# Ever wonder why shows cost so much?



## Camdoon (Sep 21, 2012)

£10k+ for a bit of waffle.

http://www.telegraph.co.uk/news/cel...er-branding-caravans-hideous-and-elitist.html


----------



## barryd (May 9, 2008)

Daft sod! 

I used to do work for an agency that booked celebs. Ant and Dec were £20K and thats ten years ago.

The company I worked for before I started my own business held very lavish conferences and booked people like Bob Monkhouse, Ronnie Corbet etc. They charged that sort of money and more even right back then for a 30 min performance. 

Bob Monkhouse was brilliant by the way and did research and took the p!ss out of well known people within the organisation. I fell asleep when Ronnie Corbert was on.


----------



## CandA (May 1, 2005)

Thanks for that Camdoon

Nice work if you can get it ... Ray Mears is clearly a bit confused about his views if he accepted the invite to talk at the show.

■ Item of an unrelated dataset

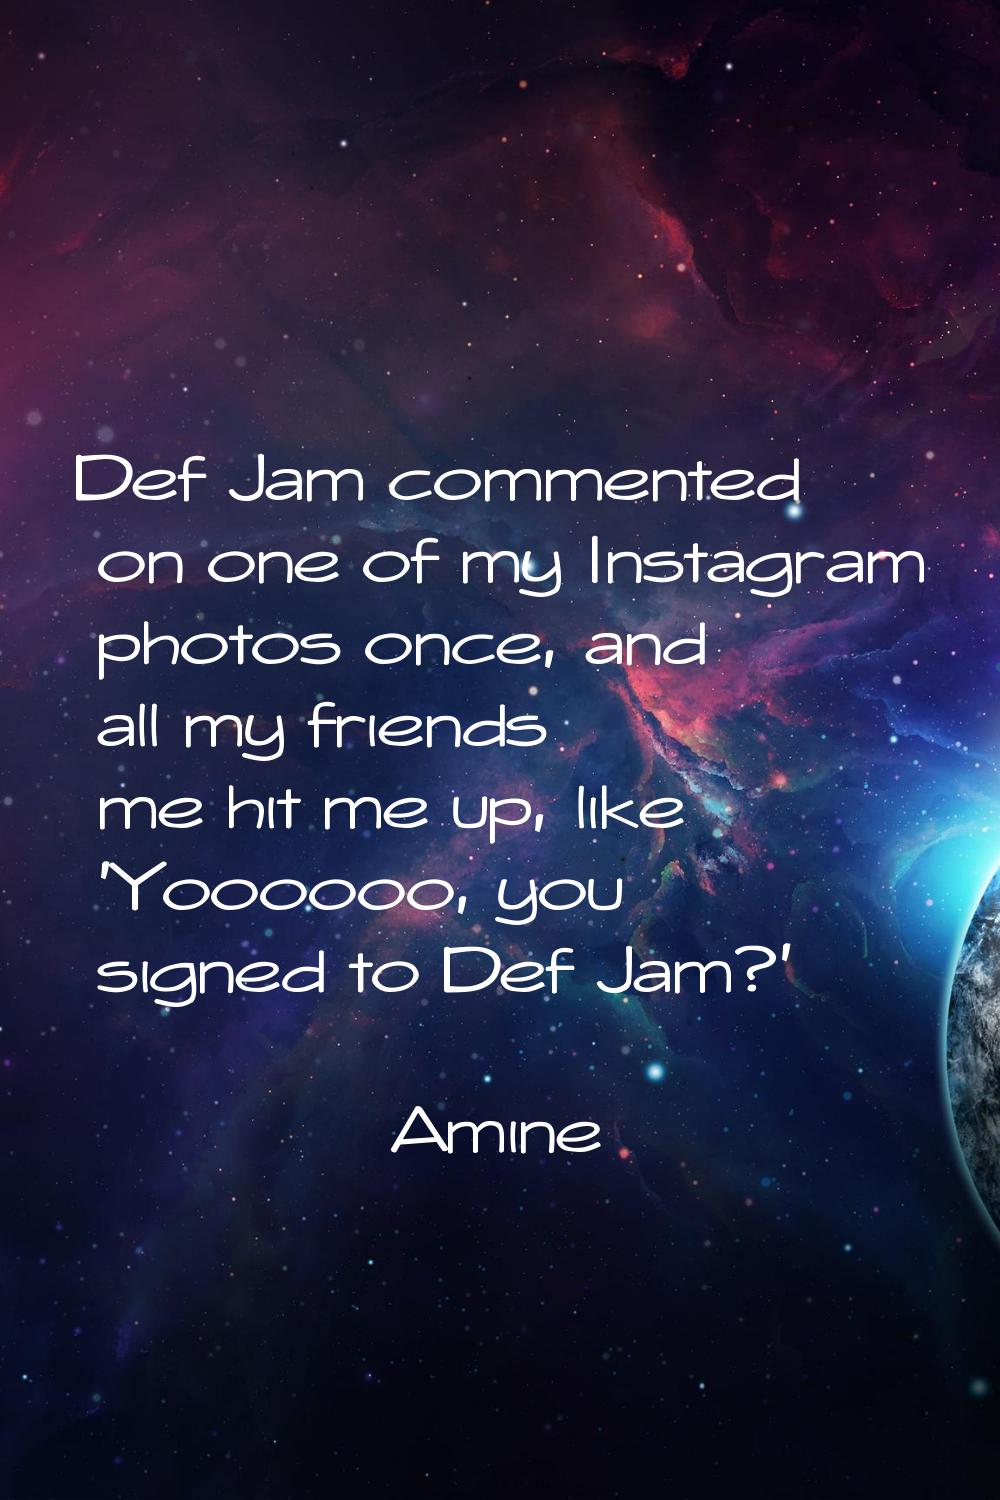 Def Jam commented on one of my Instagram photos once, and all my friends me hit me up, like 'Yooooo

We don't go to many shows but when we do we never see any 'celebrity' speakers, we go to see vans and accessories and after a few hours of that we are ready for home.

Good wishes


----------



## Pudsey_Bear (Sep 25, 2008)

Can't argue with his veiws, I'd rather have a more invisible colour too.


----------



## GEMMY (Jun 19, 2006)

How about:






Calling all cars, getaway driver, driving a red/blue/black/green/ pink car :wink:

tony


----------



## vicdicdoc (May 14, 2005)

Mine changes colour all the time . . Clean white to muddy splat to grey & finally to green algae, amazingly all within a short space of time :wink:


----------



## Pudsey_Bear (Sep 25, 2008)

CandA said:


> Thanks for that Camdoon
> 
> Nice work if you can get it ... Ray Mears is clearly a bit confused about his views if he accepted the invite to talk at the show.
> 
> ...


[hr:226f165be4]

Maybe not confused, and was going to say similar at the event, he is straight talker, perhaps whoever booked him didn'tknowhis views.


----------